→ **ACTIVITY**
Give the listing again, word for word, and let no picture into it.

→ **COLLECTED DATA**
=-=-=-=-=
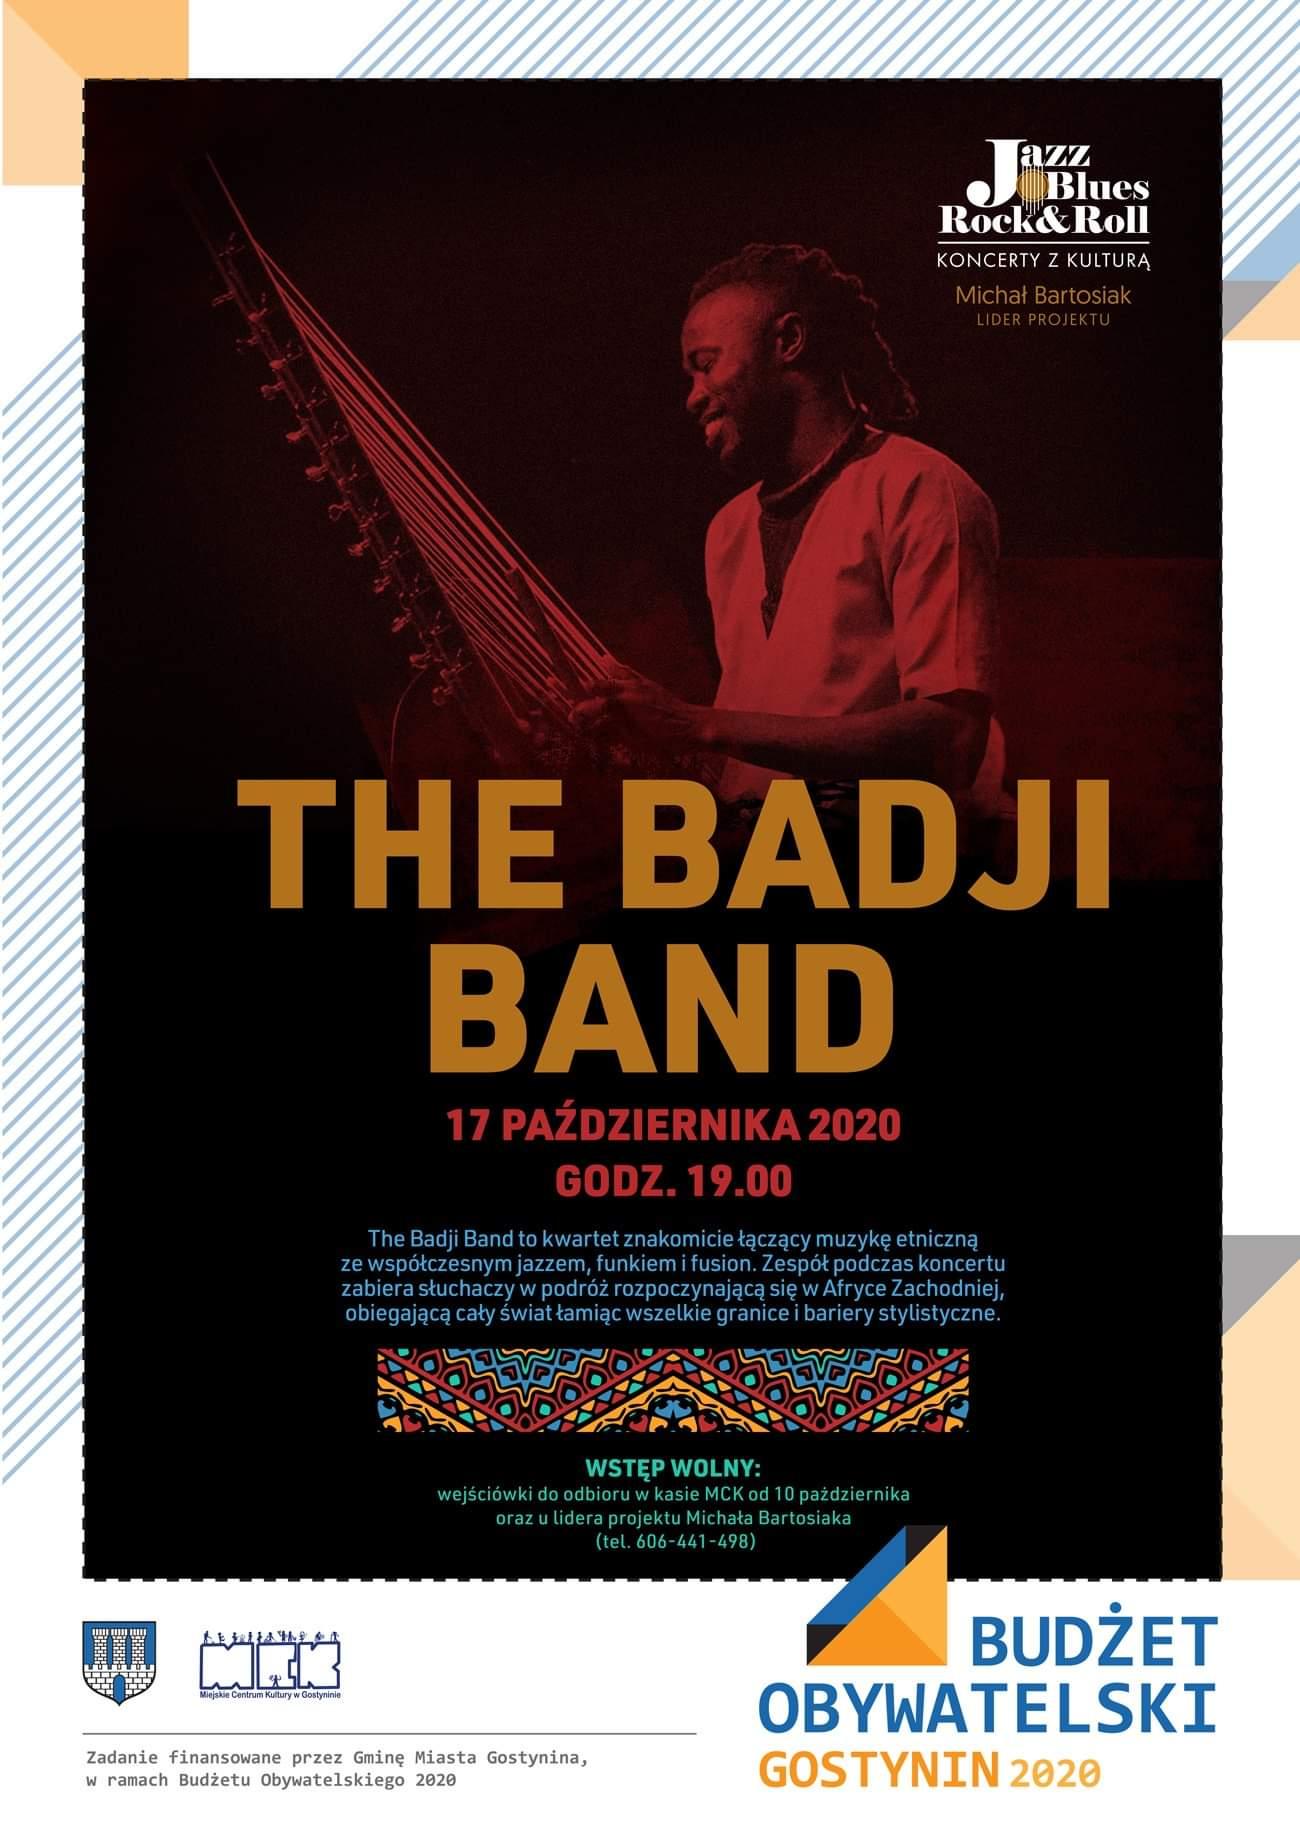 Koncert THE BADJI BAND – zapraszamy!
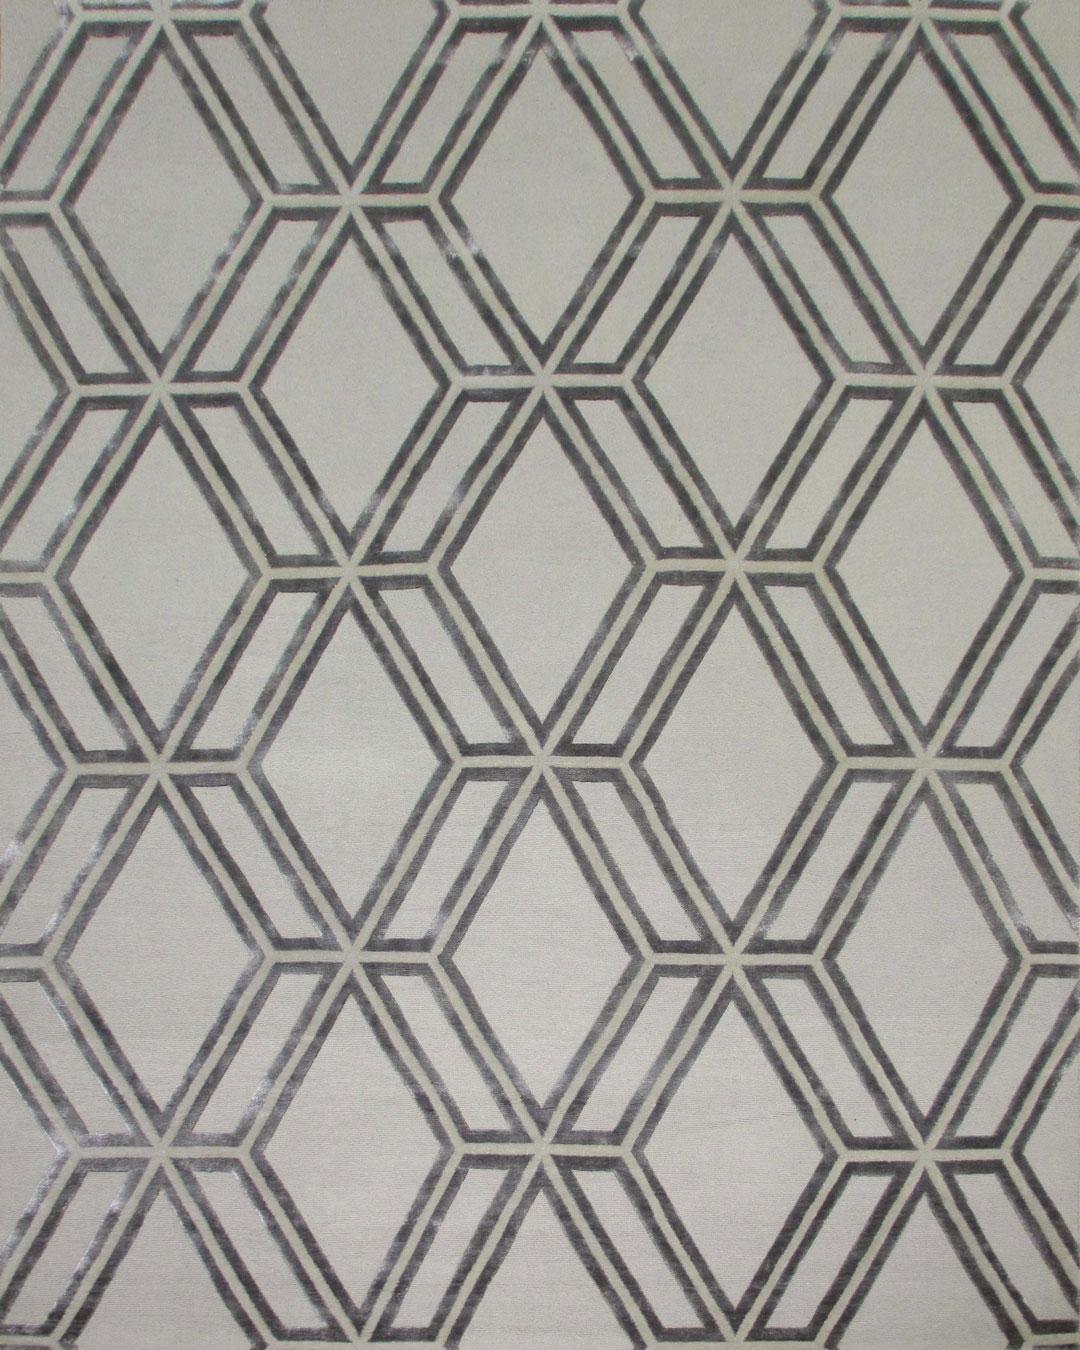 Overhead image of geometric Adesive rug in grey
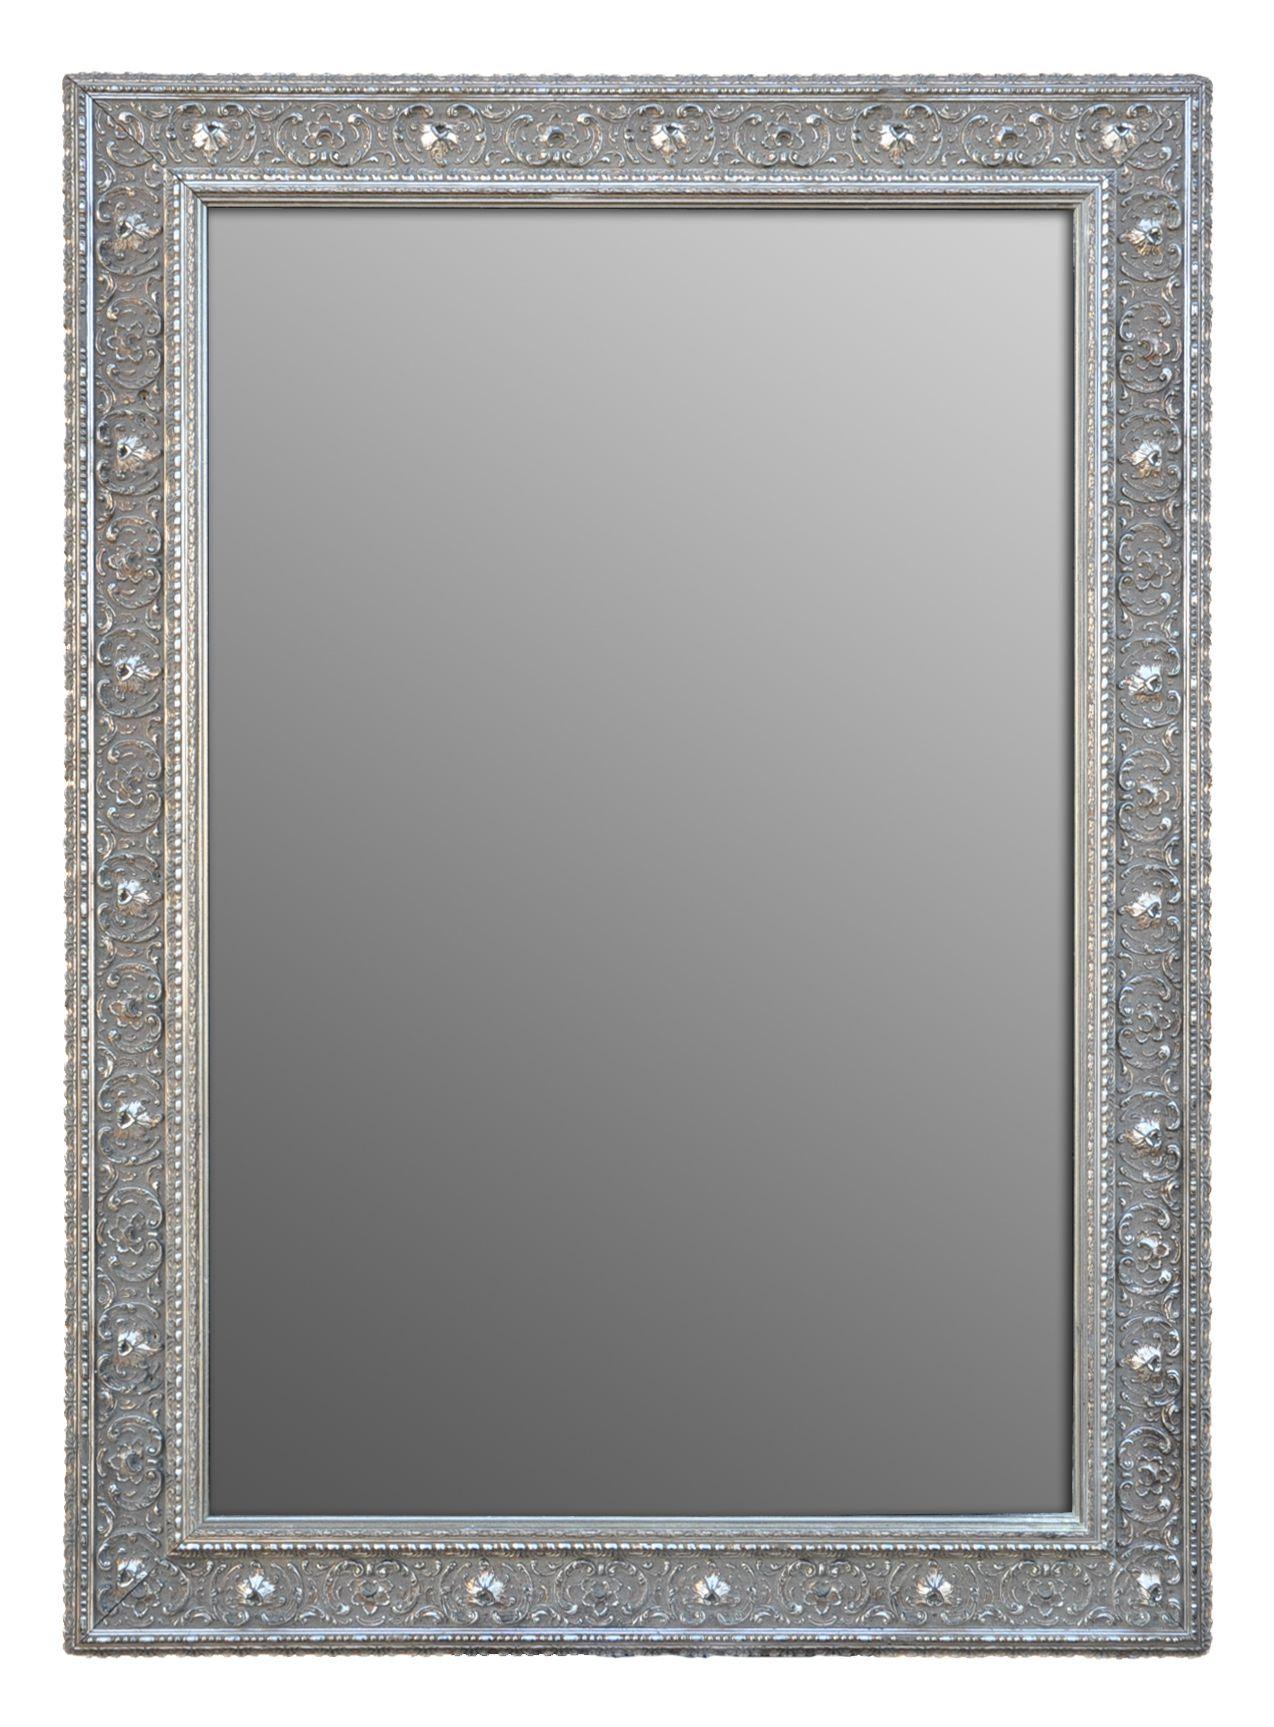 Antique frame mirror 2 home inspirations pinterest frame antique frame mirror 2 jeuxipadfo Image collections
=-=-=-=-=
→ **ANSWER TO THIS PROBLEM**
 Koncert THE BADJI BAND – zapraszamy!
 Overhead image of geometric Adesive rug in grey
 Antique frame mirror 2 home inspirations pinterest frame antique frame mirror 2 jeuxipadfo Image collections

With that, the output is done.